The following are the column definitions:
- Source—The source dataset location.
- SourceDefinitionQuery—Write an SQL query to select a subset of a source dataset to be mapped to the target dataset. For example, use Type = 0 to only select records in which the attribute type equals 0 to load into the target dataset.
- Target—The target dataset location.
- TargetDeleteQuery—Write an SQL query to selectively delete data from the target dataset before loading. For example, 1=1 removes all existing data from the target dataset.
- MappingWorkbook—The link to the location of the data mapping workbook in the data loading workspace.
- Enabled—A Boolean value specifying whether the mapping workbook will be processed or skipped during the data loading process. The default is True.
- MaintainAttachments—A Boolean value specifying whether attachments will be maintained during the data loading process. The default is True.
- PreserveGlobalIds— A Boolean value specifying whether global IDs will be preserved during the data loading process.
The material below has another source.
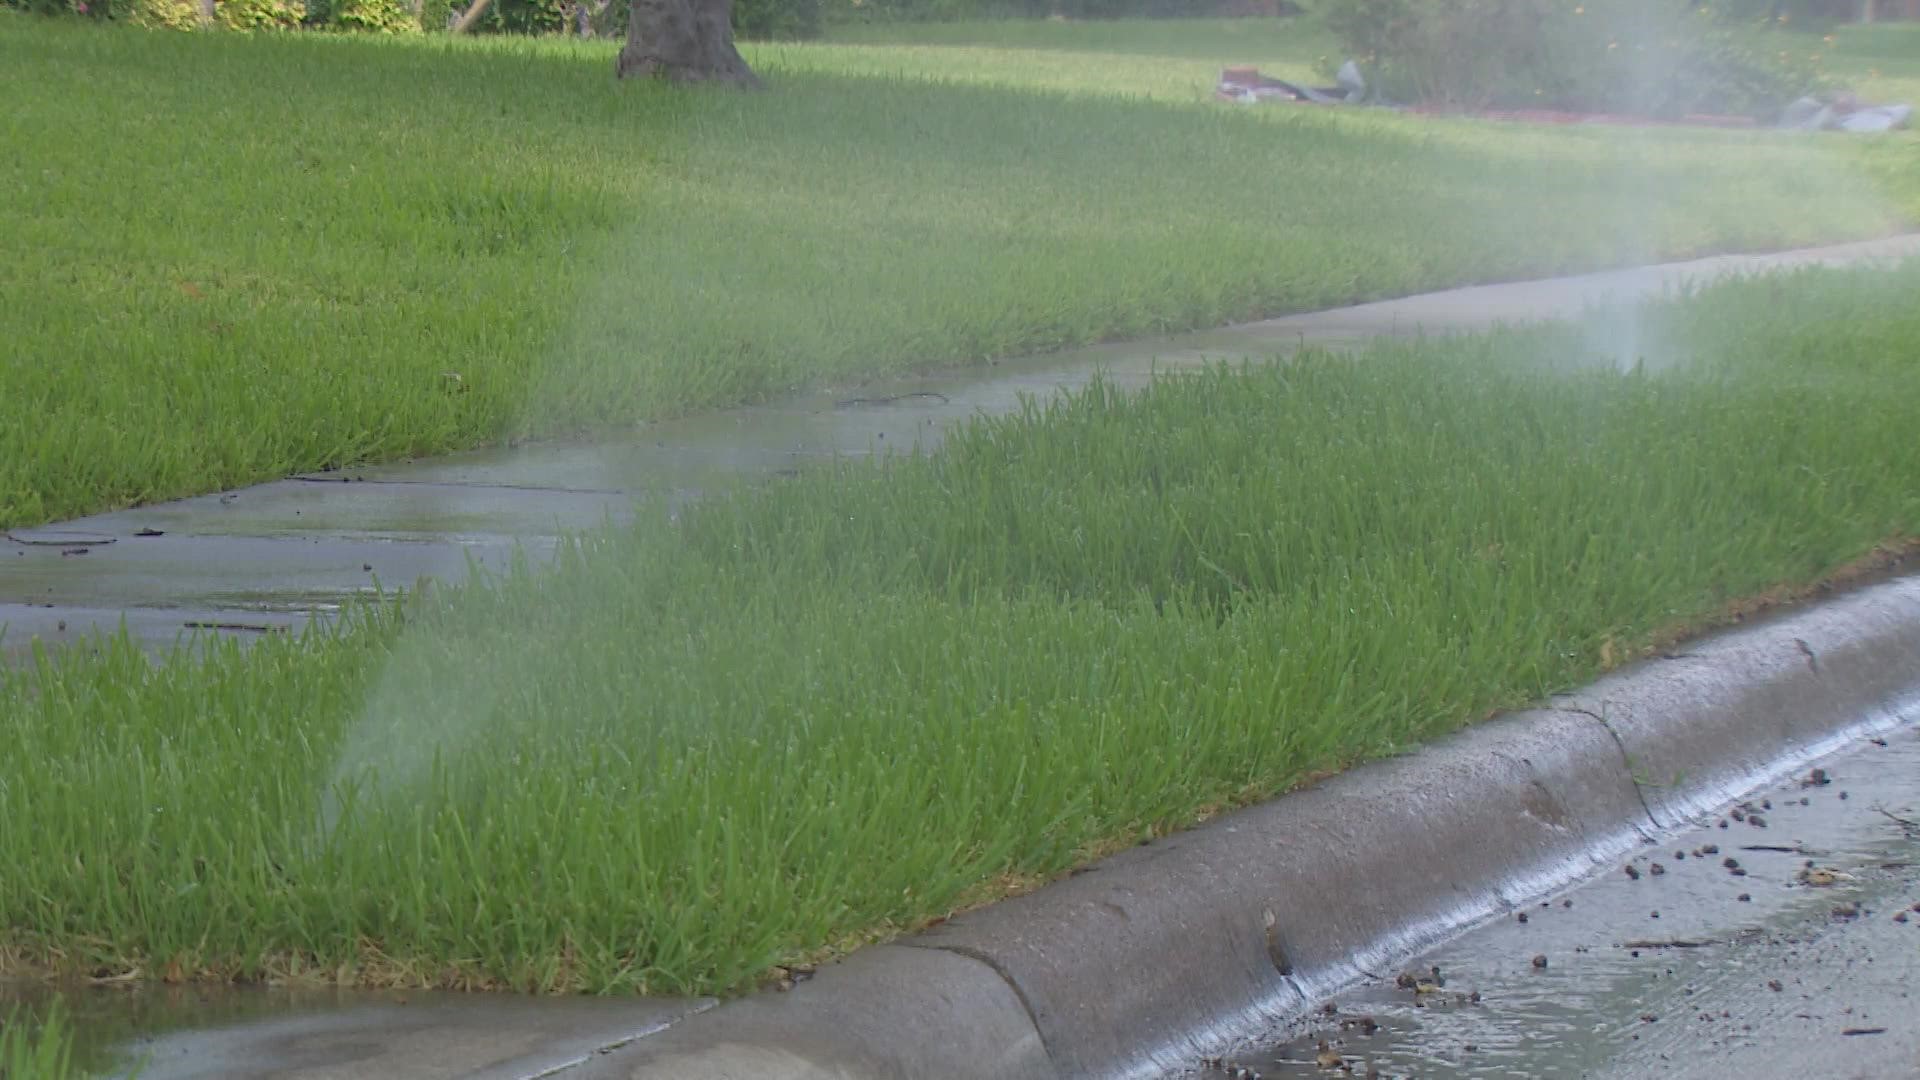 North Texans are struggling to keep their lawns, and themselves, hydrated amid a stretch of heat.

The default is False. Global IDs cannot be preserved when loading to a service.
- GeographicTransformations—Define valid geographic transformations to be used when the data is loaded.
Data mapping workbooks
The data mapping workbooks are in the Data Mapping folder and are organized by geometry type. Each data mapping workbook corresponds to one of the source and target pairs defined in the data reference workbook. Use these workbooks to define how data will be mapped from the source to the target using the options described below.
Mapping worksheet
Use this worksheet to define field mapping. The worksheet is highlighted in green in the workbook.
The following are the column definitions:
- TargetField—The fields from the target dataset.
- FieldType—The field type of each field in the target dataset.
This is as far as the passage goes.